You will have favourite websites that you return to repeatedly. They have earned loyalty by efficiently providing high-quality goods and services that meet your needs. Your website should do the same – providing a consistent and relevant user experience (UX) to your visitors and customers is vital. Here are a few suggestions to help you avoid UX errors and to create an engaging site.

Tailor content to your users

Okay, you’re thinking it’s obvious you should tailor your website’s content to meet your user’s needs but unfortunately many companies still focus more on SEO issues, such as keyword placement and page optimisation, when creating content. SEO is important but it is only effective if your content resonates with people who visit your site. In its Webmaster Guidelines, Google’s first principle tells you to design your web pages primarily for your users, not for search engines.

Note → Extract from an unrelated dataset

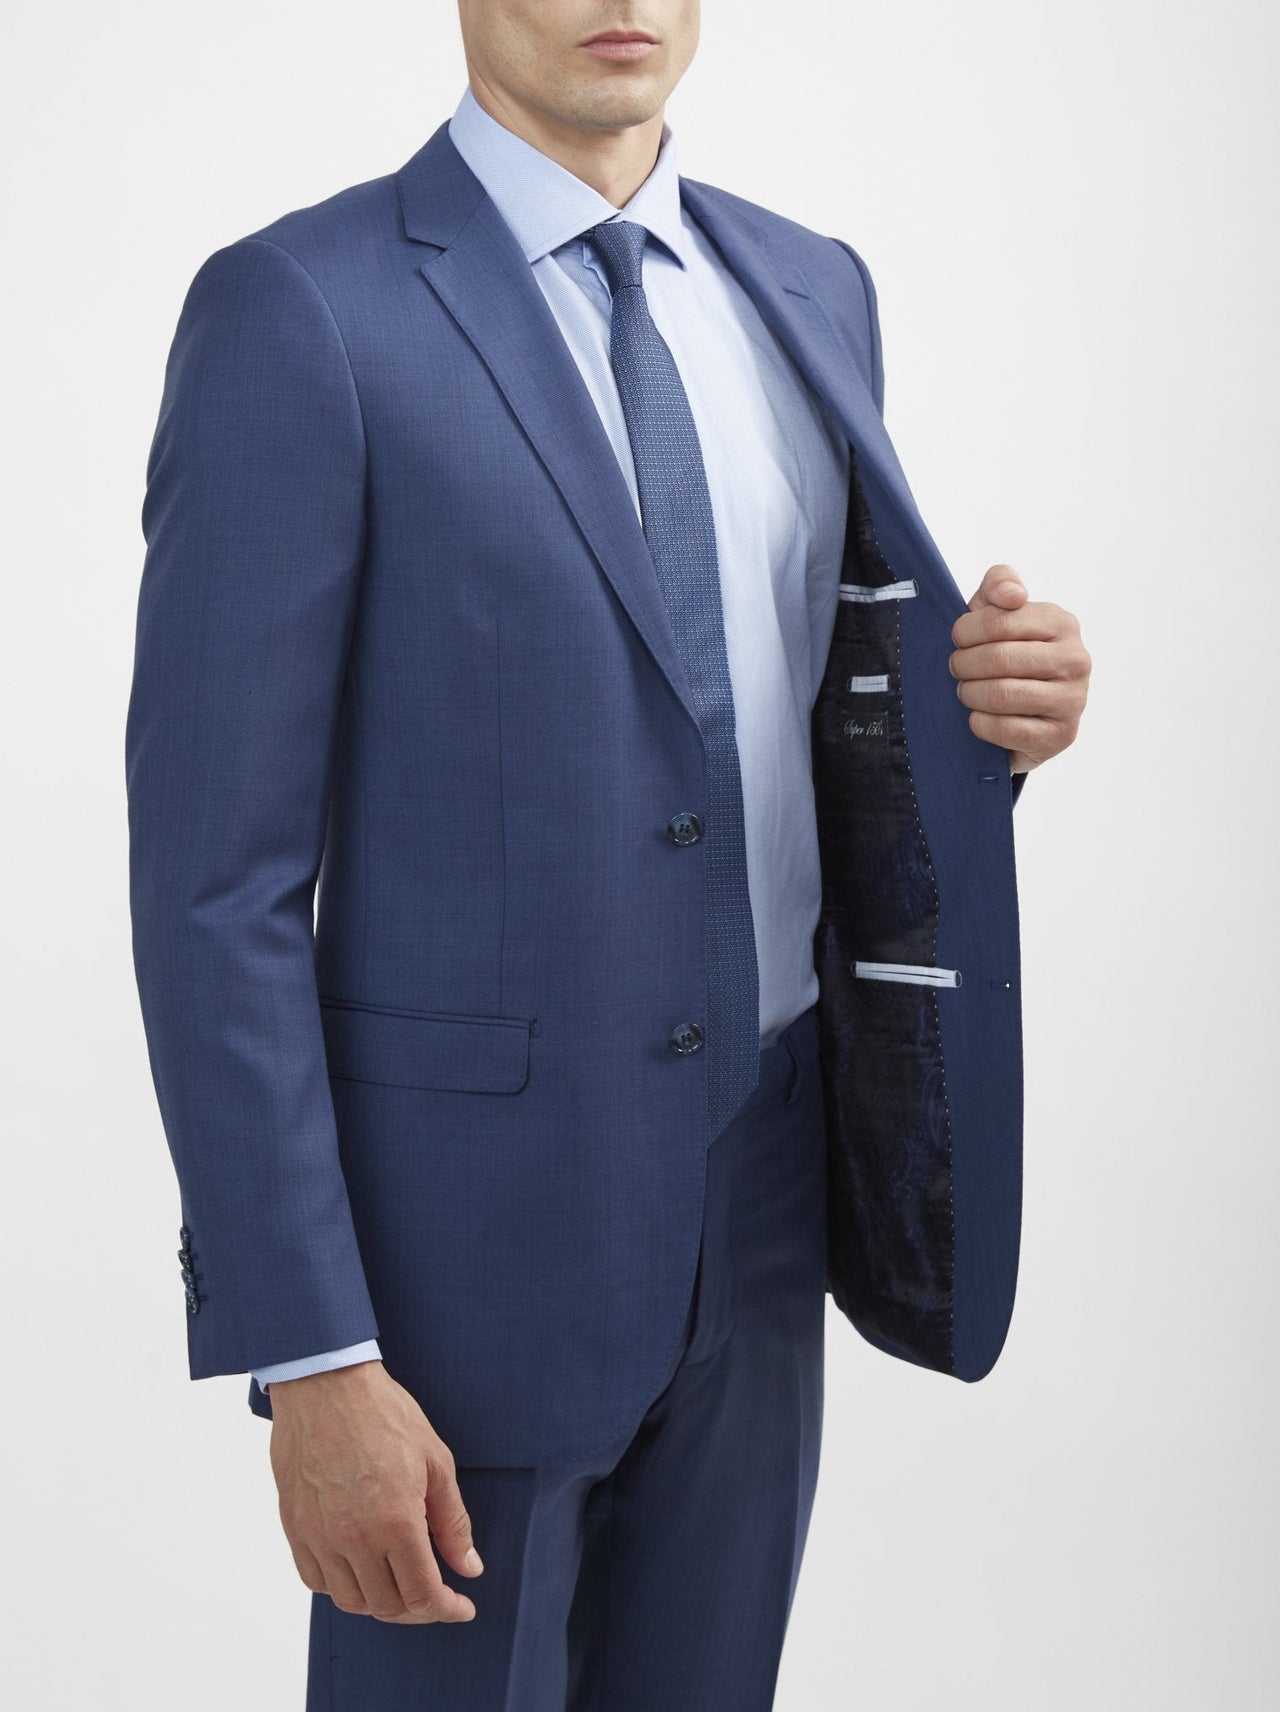 Royal Blue Suit  Buy A Royal Blue Suit For Men at Tomasso Black

Clearly define what your business does

One of the first things visitors should see when accessing your site is a clear statement of what your company does. People come to your site with a purpose in mind, and if they can’t quickly determine if your site meets their needs, they will leave and look elsewhere, possibly never to return. Sometimes you only get one chance to gain a customer, so don’t frustrate potential customers by making them search through multiple pages to figure out what you do.

Provide an aesthetically pleasing site

You want your visitors to have a memorable experience but you want it to be memorable for the right reasons.

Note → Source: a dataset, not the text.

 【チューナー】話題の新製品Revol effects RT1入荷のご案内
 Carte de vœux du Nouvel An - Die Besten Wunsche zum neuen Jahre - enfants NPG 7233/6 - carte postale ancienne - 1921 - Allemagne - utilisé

Use layouts with a mix of text and eye-catching graphics and photos. A site with many pages that only contain text will not keep a visitor’s attention for very long. Check your colour scheme to ensure the colours are compatible with each other and don’t detract from text readability and image visibility.

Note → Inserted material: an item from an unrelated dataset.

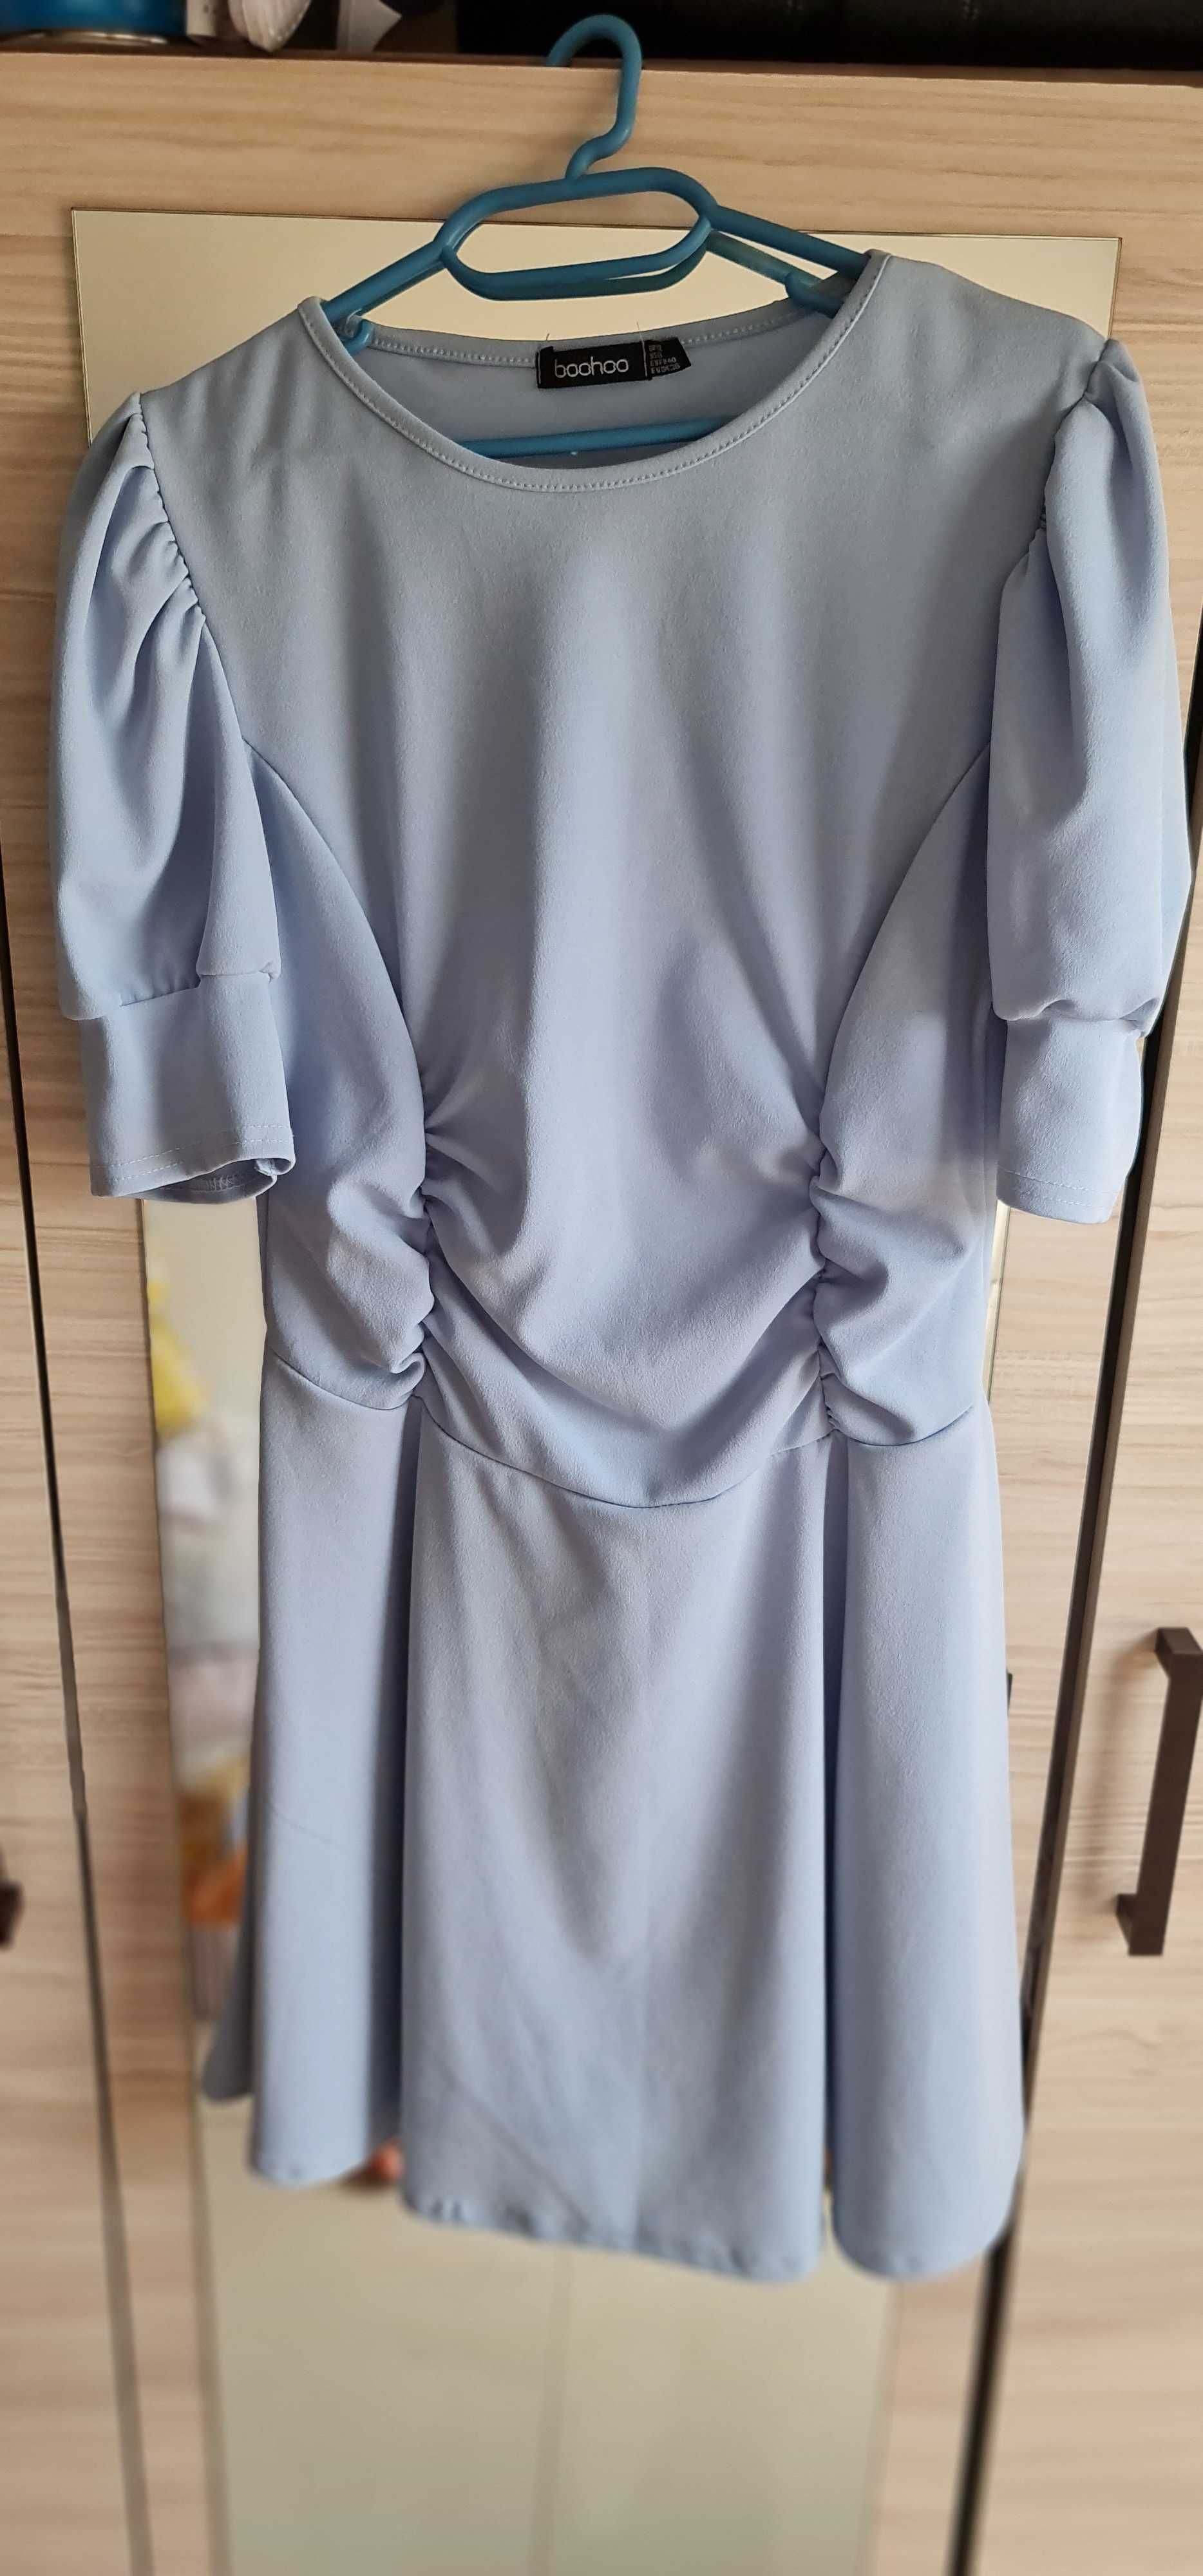 Къса рокля Boohoo - рр UK12, син цвят

Don’t use stock photos – they’re easy to spot, and you will give your visitors a poor impression of your business. Be sure that any photos you do use are high quality and appear up-to-date.

Don’t overwhelm your visitors with call-to-action (CTA) buttons – use them strategically by placing them at logical decision points on your site.

Reduce page load times

Visitors will not stick around if your site loads slowly, so you should monitor page load times to be sure your site loads quickly and provides a high-quality UX. If you find that it’s taking more than three seconds for your site to load, there are several steps you can try to improve load times short of doing a complete website redesign.

Image files can cause pages to load slowly, so consider using an image optimisation tool to compress the size of your image files before you add them to your site. The size of pages with high-quality content can exceed 100kb, so consider compressing them to reduce bandwidth and improve your page load times.

Plugins also can cause slow page load times. If you have numerous plugins on your site, experiment with disabling some of them to see if they are the cause of your slow load times.

Sometimes we are so concerned about SEO that we don’t spend enough time optimising our website’s UX. We need to remember how valuable a positive UX is in today’s competitive online marketplace.